§ About this task
With the pictures excluded, reproduce all of the data exactly.

§ Raw data
== == ==

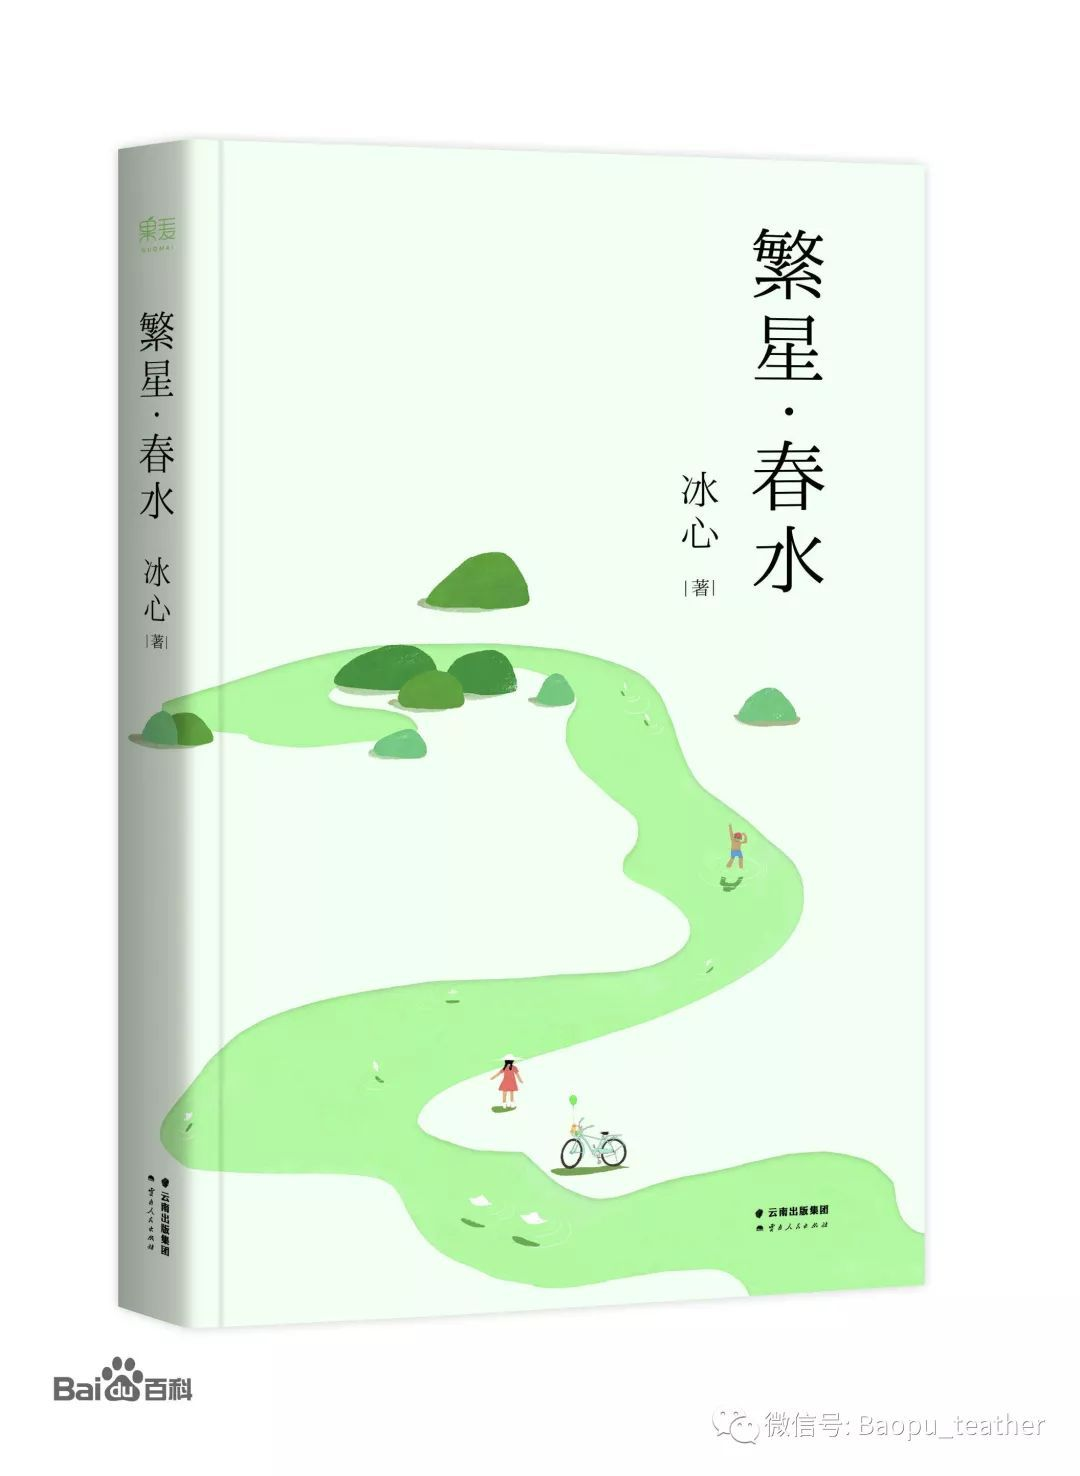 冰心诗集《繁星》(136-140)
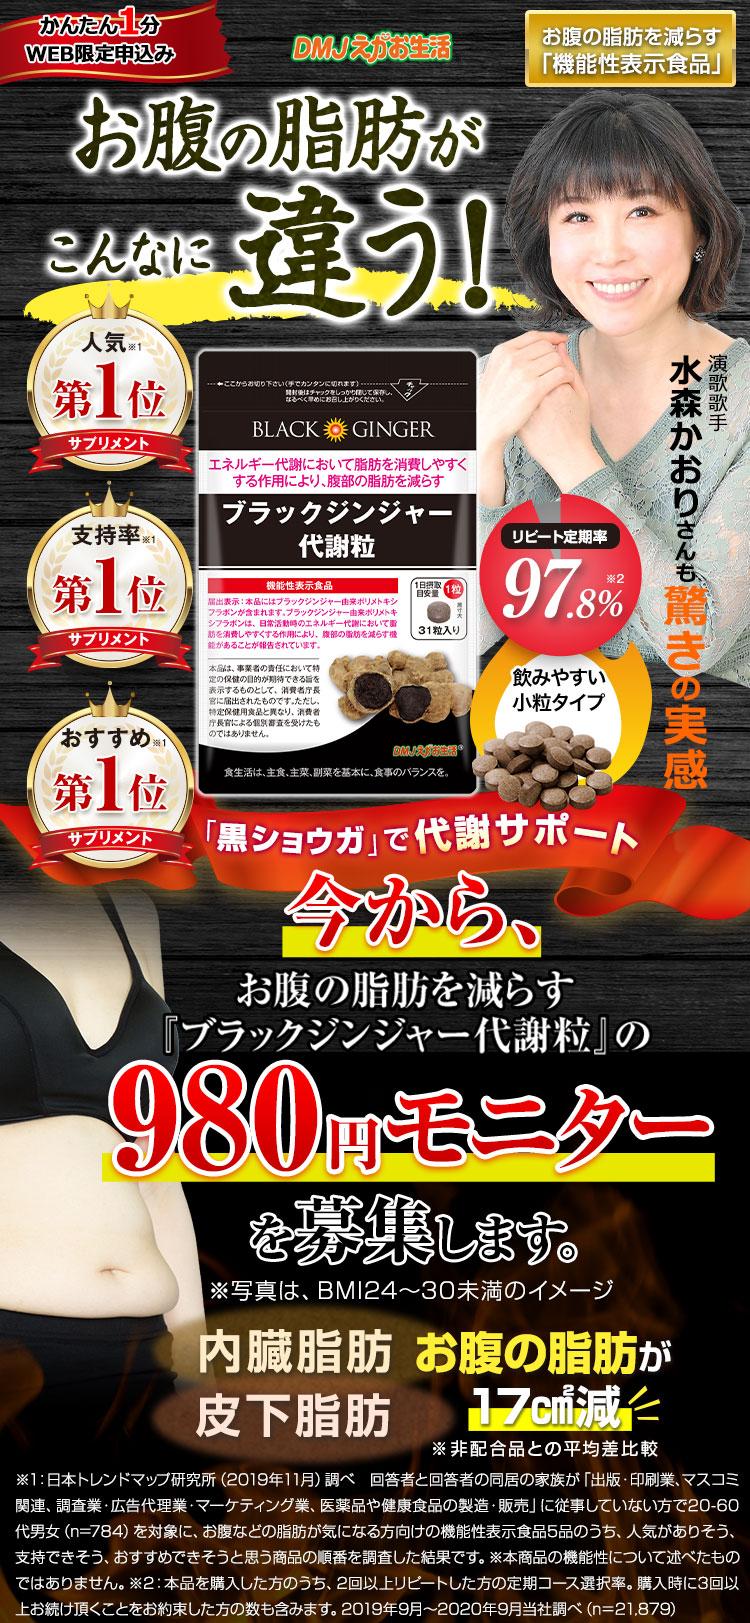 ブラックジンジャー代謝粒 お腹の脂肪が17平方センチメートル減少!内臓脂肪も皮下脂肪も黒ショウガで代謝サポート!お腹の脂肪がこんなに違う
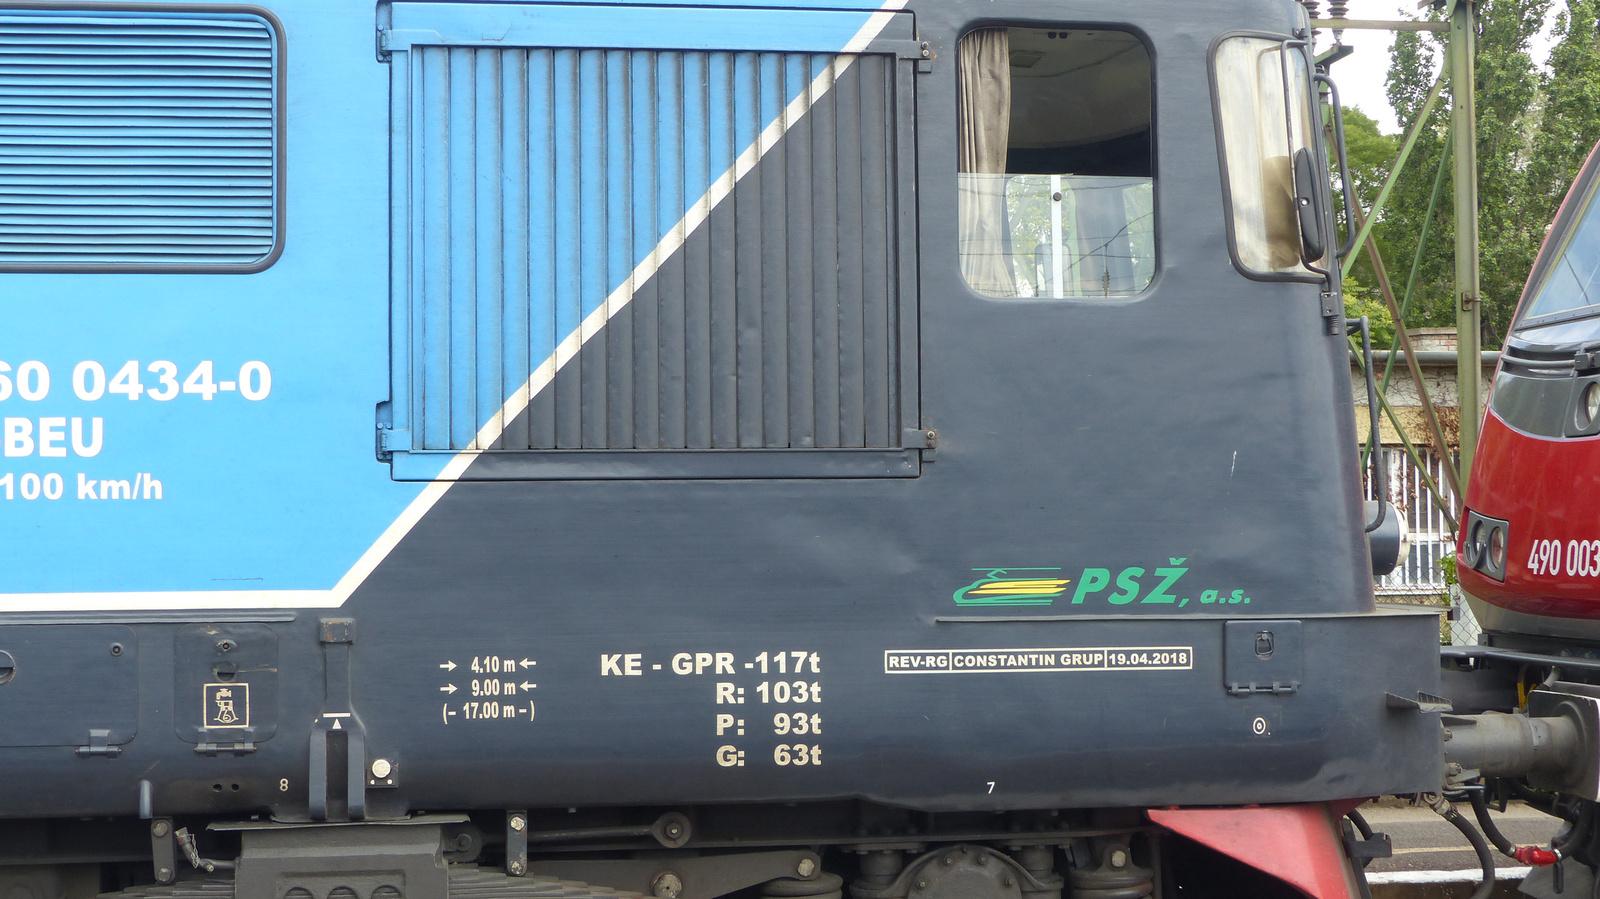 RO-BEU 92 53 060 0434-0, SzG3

== == ==

§ Written answer
 冰心诗集《繁星》(136-140)
 ブラックジンジャー代謝粒 お腹の脂肪が17平方センチメートル減少!内臓脂肪も皮下脂肪も黒ショウガで代謝サポート!お腹の脂肪がこんなに違う
 RO-BEU 92 53 060 0434-0, SzG3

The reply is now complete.